BRAGLIA:”CATANZARO TRA LE PRIME DELLA CLASSE. COVID? CAMPIONATO FALSATO SE NON SI CONCLUDE”

BRAGLIA:”CATANZARO TRA LE PRIME DELLA CLASSE. COVID? CAMPIONATO FALSATO SE NON SI CONCLUDE”

6 Novembre 2020 0 Di Michelangelo Freda

Mister Braglia, nella sala stampa dello stadio Partenio Lombardi, ha parlato ai microfoni della stampa presente, in vista della gara di domenica pomeriggio contro il Catanzaro.

“Abbiamo lavorato, ci siamo riposati due giorni e mezzo. Abbiamo fatto doppie sedute cercando di portare avanti quello che stiamo facendo. Catanzaro ha un organico importante, tra i primi cinque o sei formazioni del campionato. Non vado a vedere le cose degli altri, guardiamo in casa nostra. Troveremo una squadra arrabbiata domenica, cercheremo di metterli in difficoltà.”

Sfide ravvicinate: “Le dobbiamo giocare tutte se ce le fanno fare. Io vedo gara dopo gara, non penso al futuro. Ora pensiamo a questa gara preparandoci nel migliore dei modi. Noi procediamo gara per gara.”

Portiere Riccardo Leoni: “Non create problemi. Non capisco che senso abbia. Abbiamo preso un ragazzo perché avevamo un problema. La titolarità è Forte, poi c’è Pane e poi Leoni. Non è che Pane se ha fatto una tavolata va massacrato puntualmente. si tratta di un portiere bravo che ha sbagliato un intervento. Se andiamo a vedere in quella gara la squadra faceva male. Non va trovato il colpevole, abbiamo sbagliato tutti. C’erano 10 situazioni per gli avversari, non cerco colpevoli.”

Silvestri ed Errico e la squalifica di Maniero: “Silvestri ha fatto tutta la settimana, Errico sta facendo dei doppi per recuperare la condizione fisica, ha bisogno di un occhio in più. Ci dobbiamo andare piano. Lui ci può dare qualcosa in più sulla fantasia. Gli attaccanti non mi creano problemi, vanno tutti bene, se poi c’è qualcuno che si perde per strada sono fatti suoi. Chi va in campo deve dare il massimo.”

Campionato spezzatino: “Per me è giusto andare avanti fin quando si può andare avanti. Cosi non si può continuare a vivere. Capisco che ci sono le vittime, non immagino come possano fare le persone a stare chiuse in casa. CI sono tante squadre che hanno avuto grossi problemi con contagi interni, noi siamo fortunati ad aver avuto un contagio ogni tanto. Non vedo l’ora di finire questo campionato. Già vedo discussioni in lega non attendibili con sospensioni e playoff.
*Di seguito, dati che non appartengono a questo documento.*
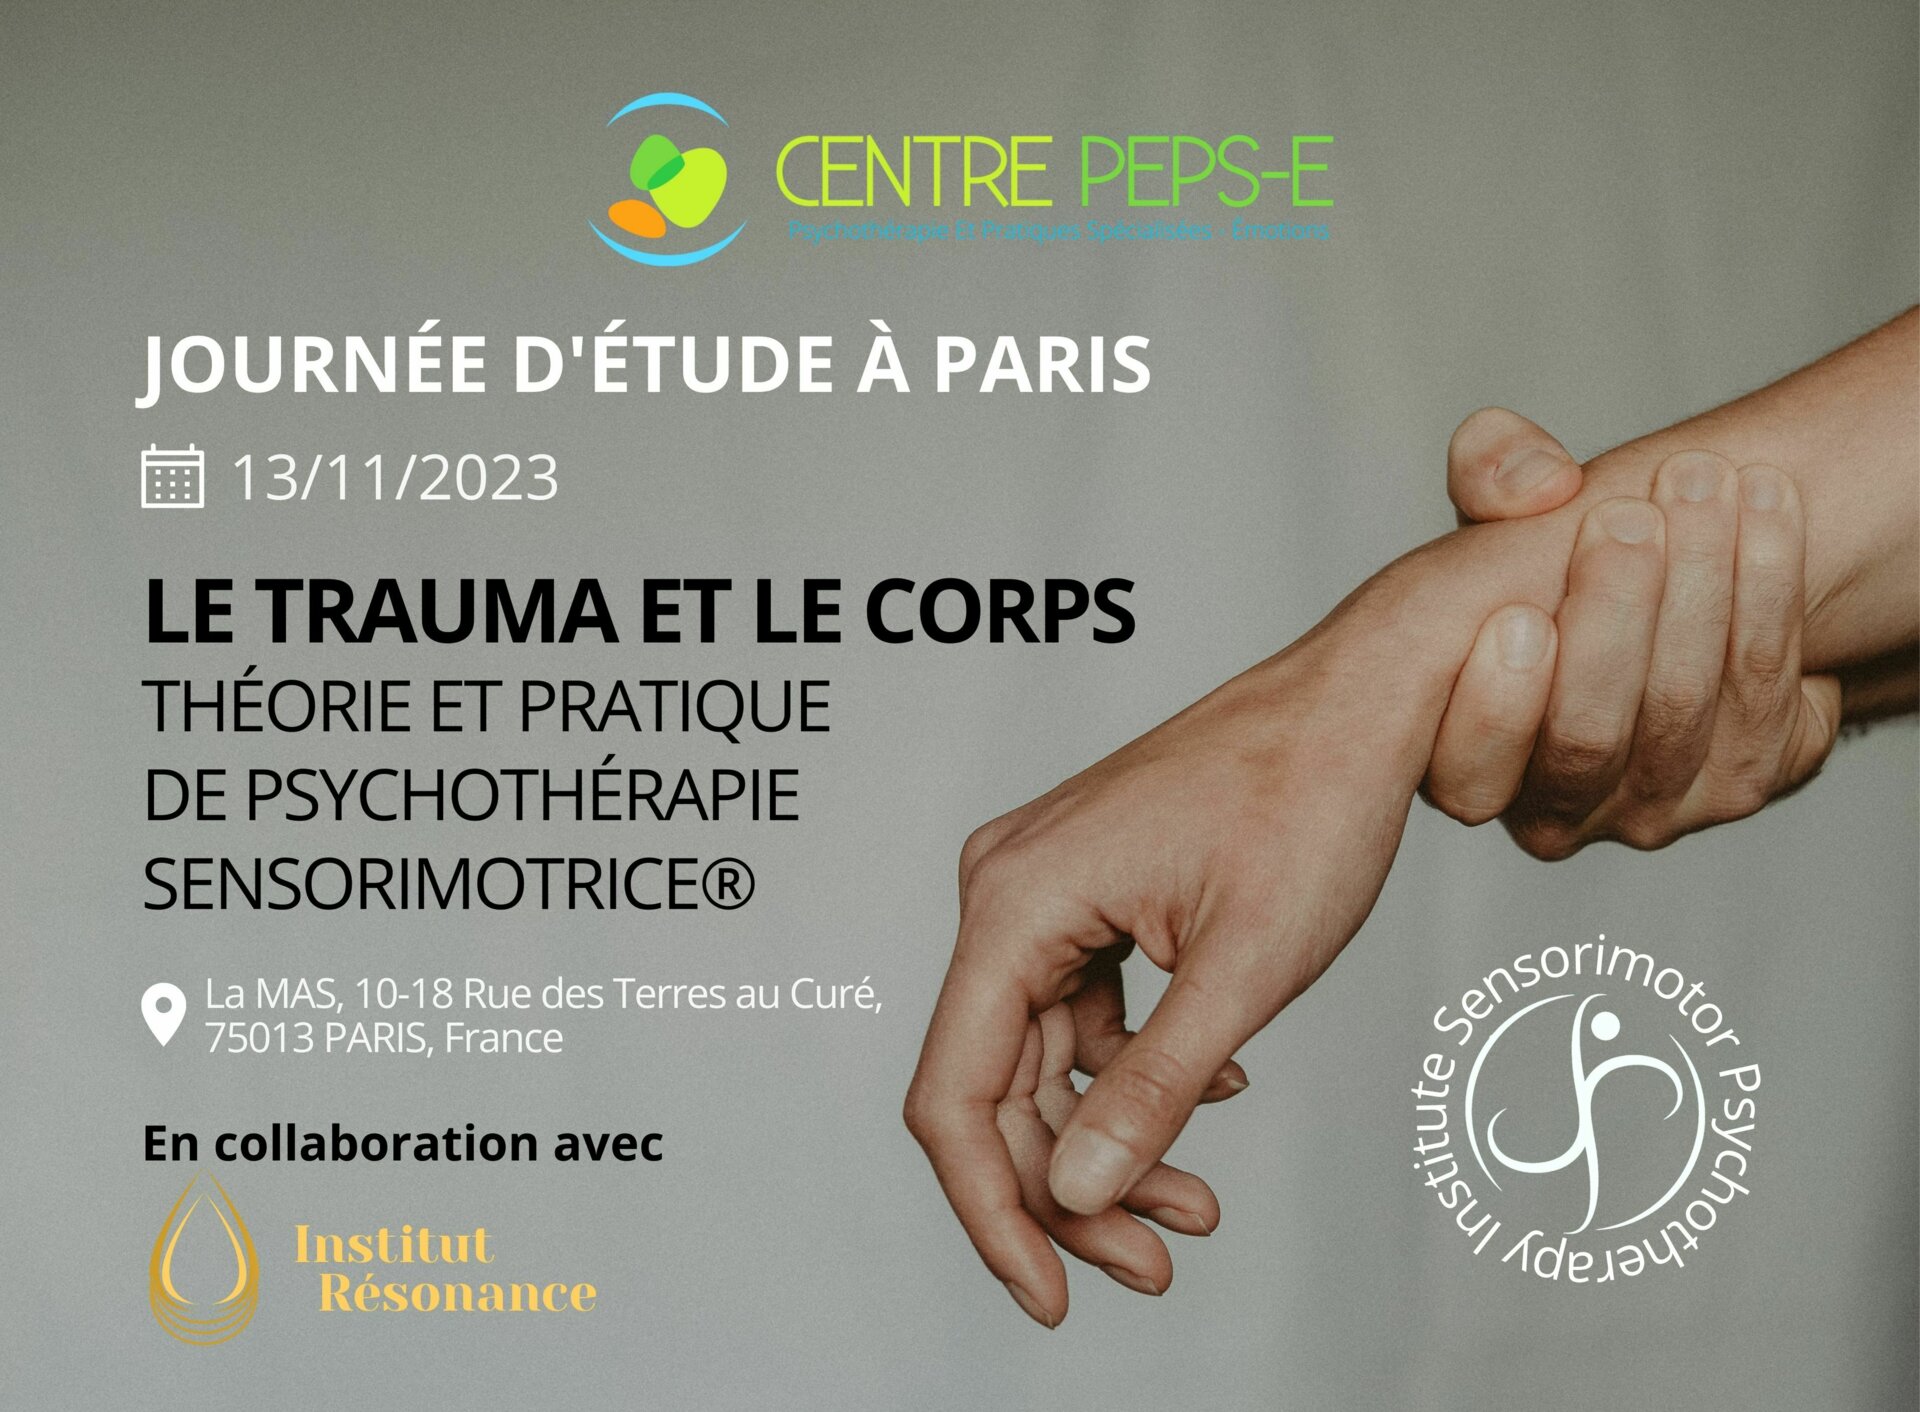 Journée d'étude (Paris) - Le trauma et le corps : introduction théorique et pratique à la psychothérapie sensorimotrice

Vorrei un campionato regolare, senza pubblico già non lo è.”

Di Paolantonio: “È stato offerto un bel contratto molto alto. Non mi piace esser preso in giro. Non sono abituato a dire cazzate. Mi ha chiamato e io gli ho detto parla con il direttore. Noi fino a gennaio non prenderemo nessuno, solo il portiere per un problema interno. Altri discorsi non mi interessano. Il gruppo è fondamentale, questo conta per noi. Abbiamo fondato da zero una squadra dove nessuno ci dava un euro. Quando la gente piange non mi sta bene. Quel giocatore poteva venire qui ma non si è saputo gestire. Sono felici di chi ho a disposizione.”

Di Somma: “All’epoca non mi acchiappava in campo. Pensate che abbiamo un rapporto che riesco addirittura a farlo ridere!”